Хотя в зале тихо, председатель звенит пробкой по графину, поднявшись, говорит:
— Товарищи! У кого к товарищу Решетниковой вопросы?.. Что, так и нет вопросов?.. Тогда я спрошу. Были, Решетникова, в твоем табуне случаи падежа?
— Ты же знаешь, Гриша, — грудным голосом произносит девушка, — что не было.
— Это он для порядка спрашивает, — смеются с места.
— Товарищи, порядок! — звенит председатель. — Будут еще вопросы?
Я смотрю: девушку принимают в комсомол.

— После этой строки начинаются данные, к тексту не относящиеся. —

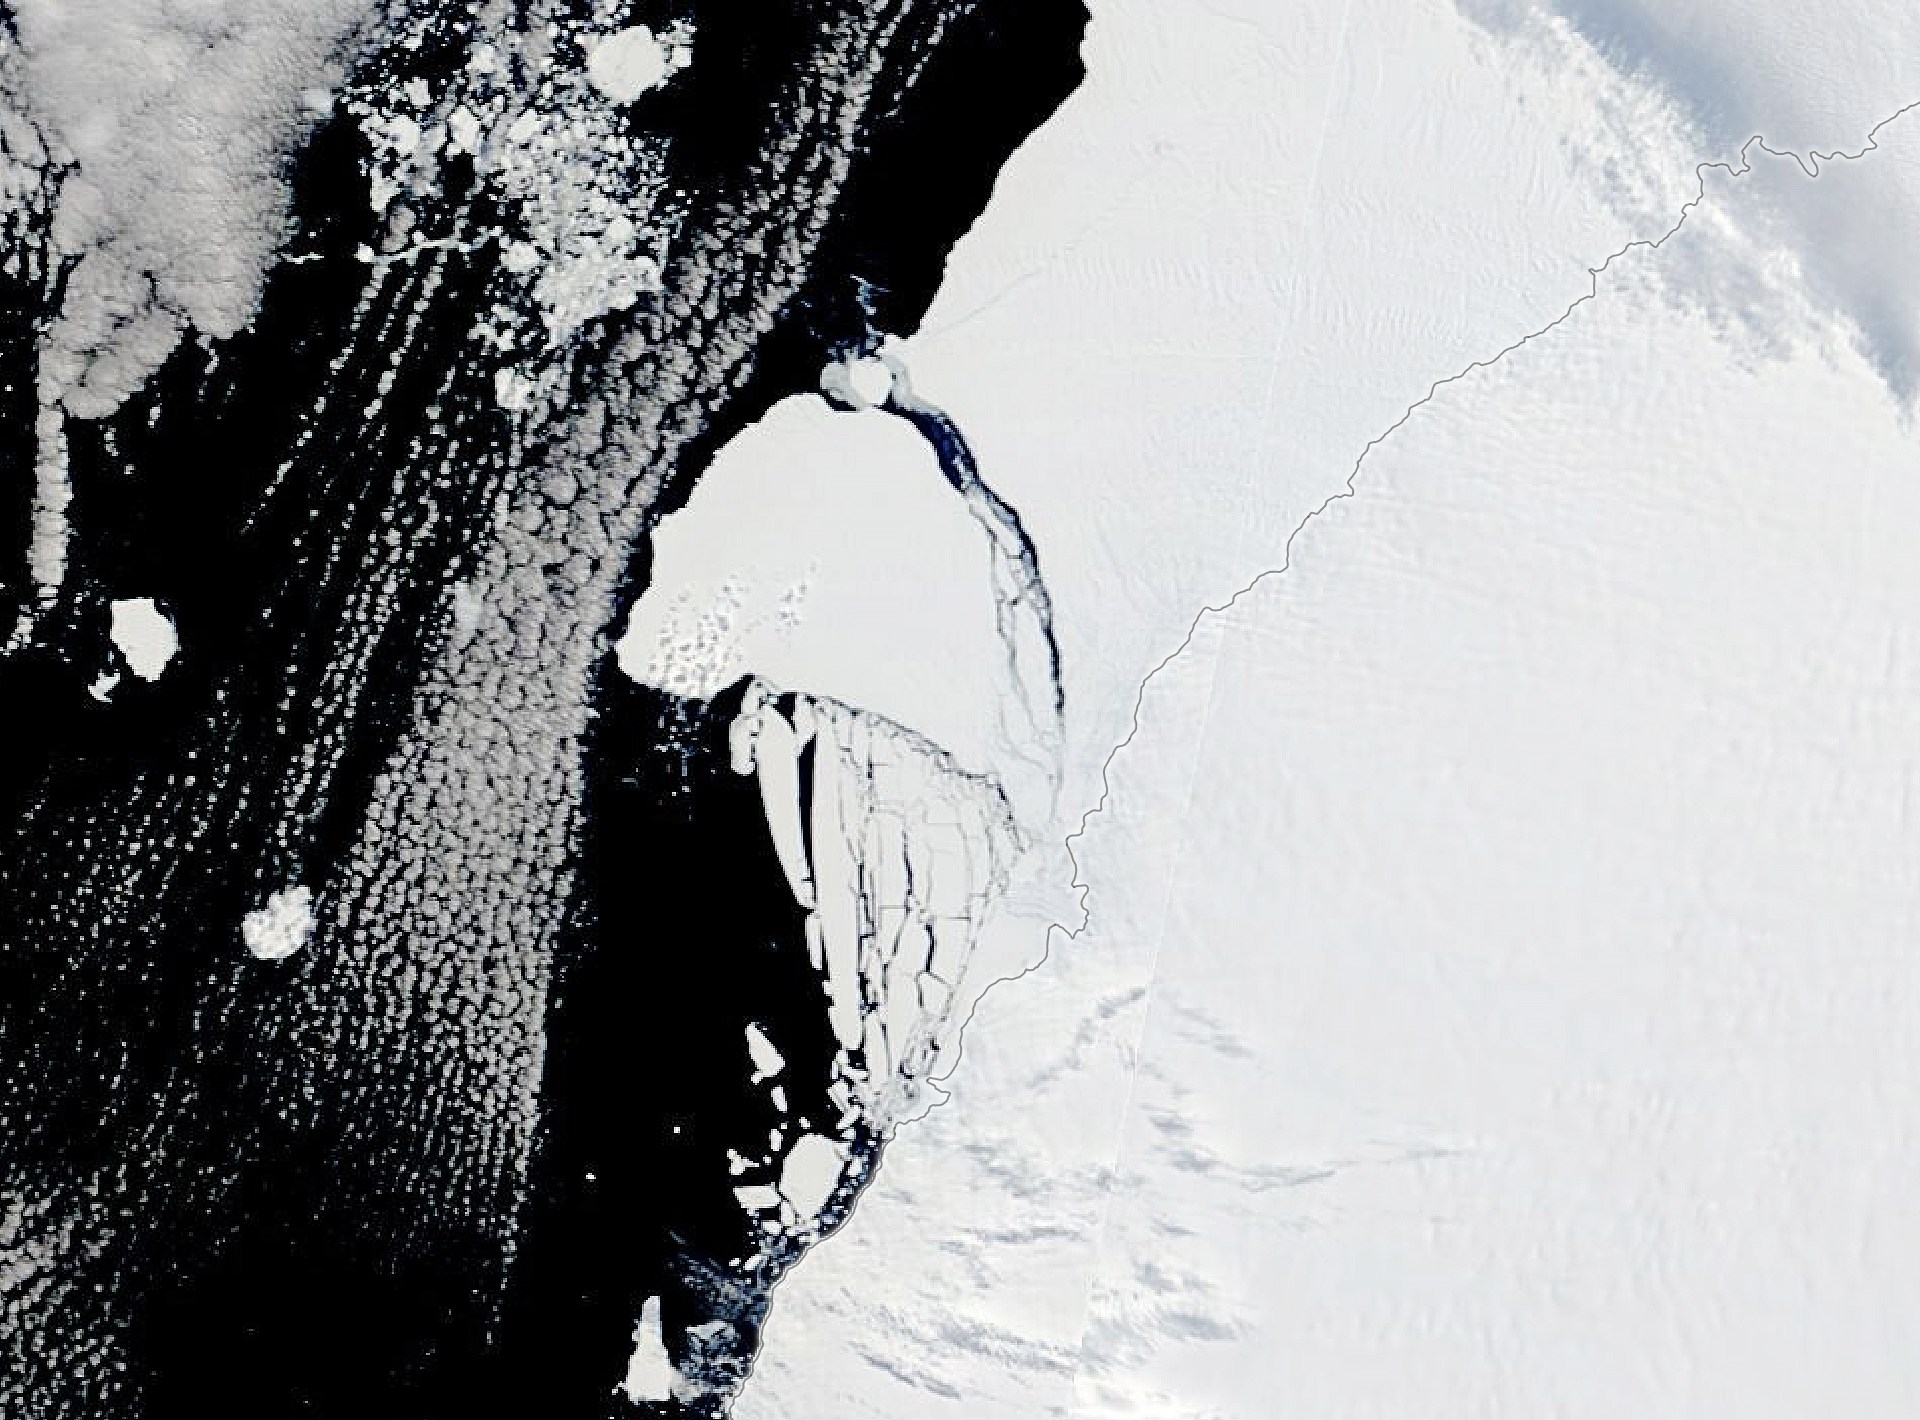 Giant iceberg breaks off near Antarctica research station
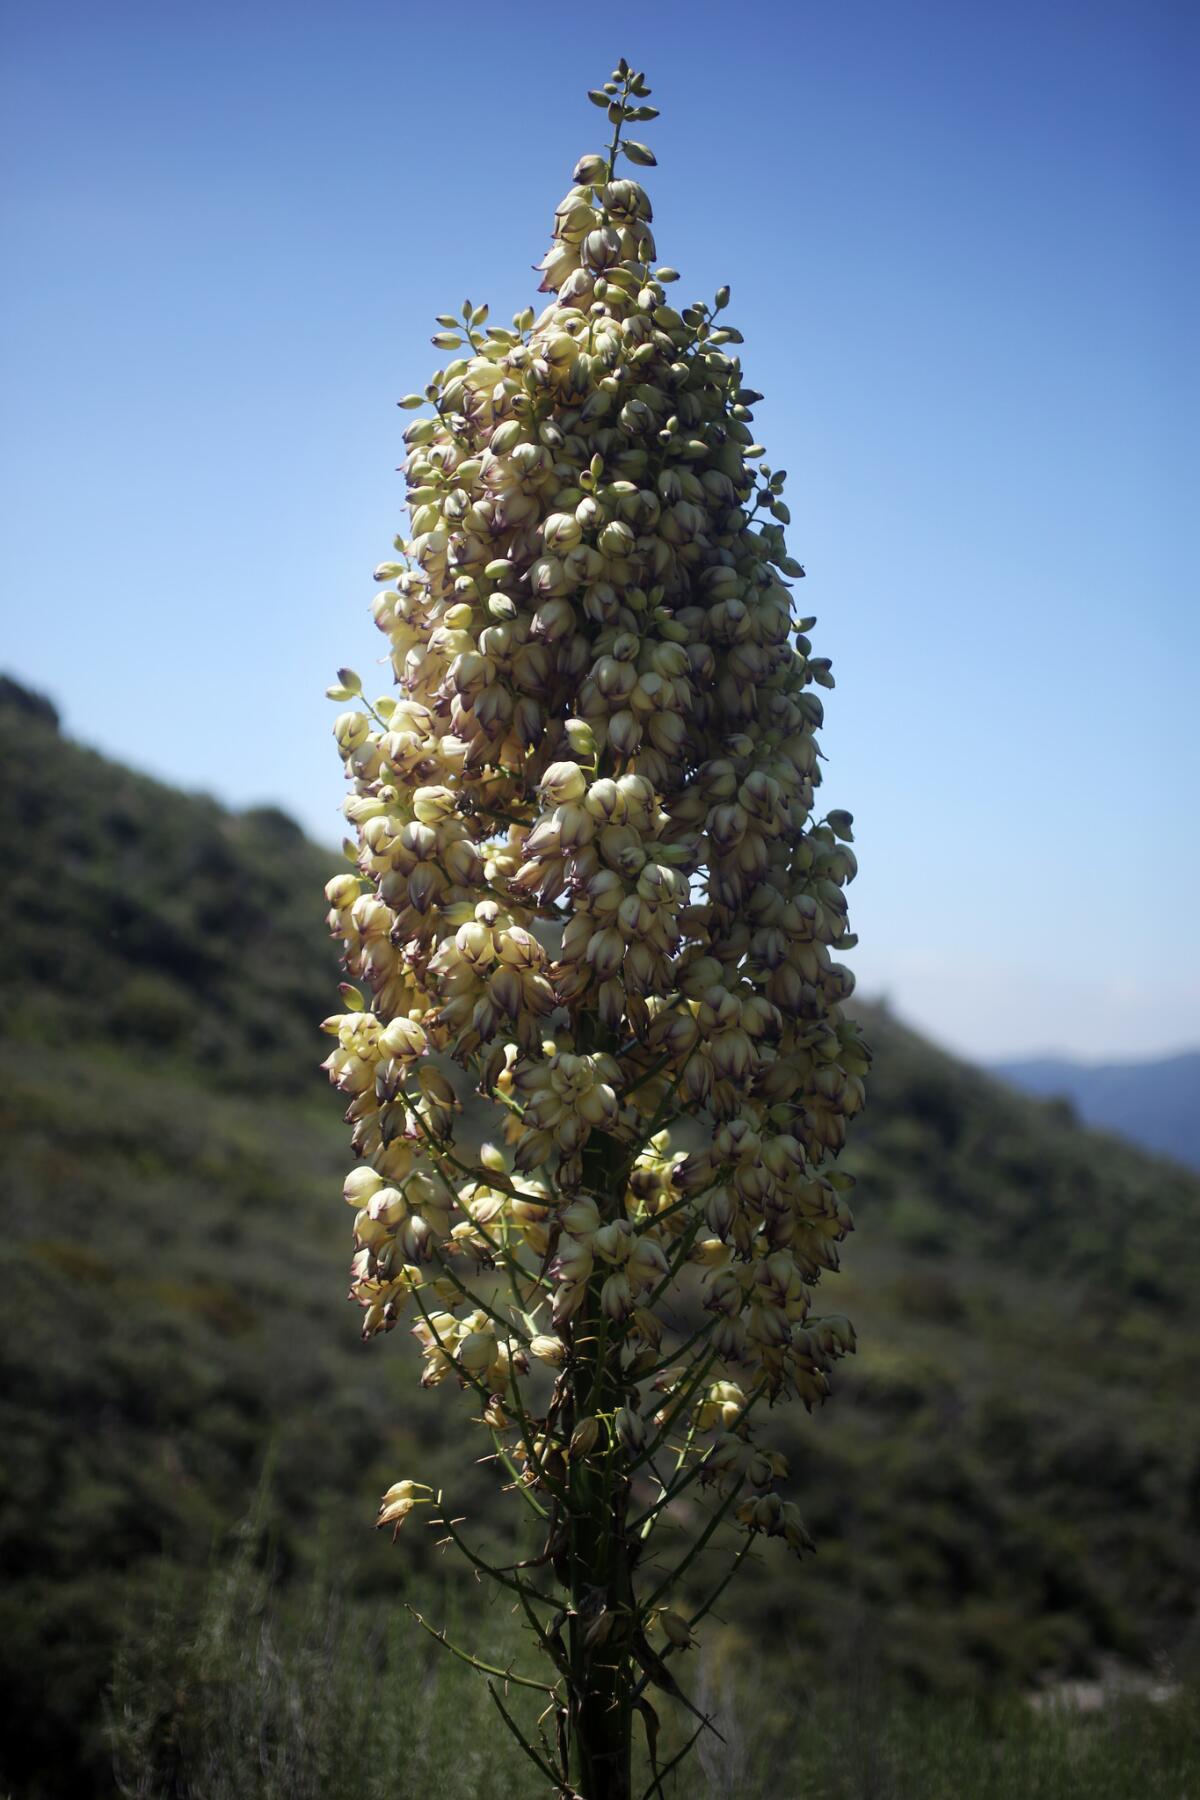 A yucca in bloom at the hillside park in La Crescenta.

Она — табунщик… В памяти возникают лица знакомых табунщиков, я мысленно закуриваю с ними, вижу, как рвут они газету, крутят «козьи ножки», и у каждого три сучковатых пальца левой руки заскорузли от повода, неловко загибают бумагу… Вижу табунщиков, которые вваливаются с тридцатичасового дежурства. Их брезентовые капюшоны обледенели, венцерады не гнутся, жестяными колоколами висят на плечах, и люди пригибаются к жаркой печи, ждут, когда на скулах подтает лед, и, оттягивая кожу, дерут с бровей, с небритых щек примерзлые к волосу ледяшки.
А собрание идет. Решетниковой задают вопросы по уставу. Не дослушав, она кивает, и, чуть подрагивая, звучит ее грудной, скованный обстановкой голос:
— Член ВЛКСМ обязан выполнять…
Слова у девушки правильные, но ее лоб обильно влажен, руки сплетены, будто у певицы, берущей высокие ноты. «Дурочка! — думаю я. — Она еще и волнуется, примут ли. Да кого ж в таком случае, как не ее, и принимать?!»
Председатель объявляет выступления. Со скамьи поднимается калмыковатый, жгуче-черный старый мужчина в праздничной кавказской белой рубахе с тесным стоячим воротничком на частых пуговках, с тесными крахмальными тугими манжетами. Видимо, не оратор, он смотрит на кисти своих рук — густо-коричневых, верней, совершенно черных от мороза, ветра, открытого зноя.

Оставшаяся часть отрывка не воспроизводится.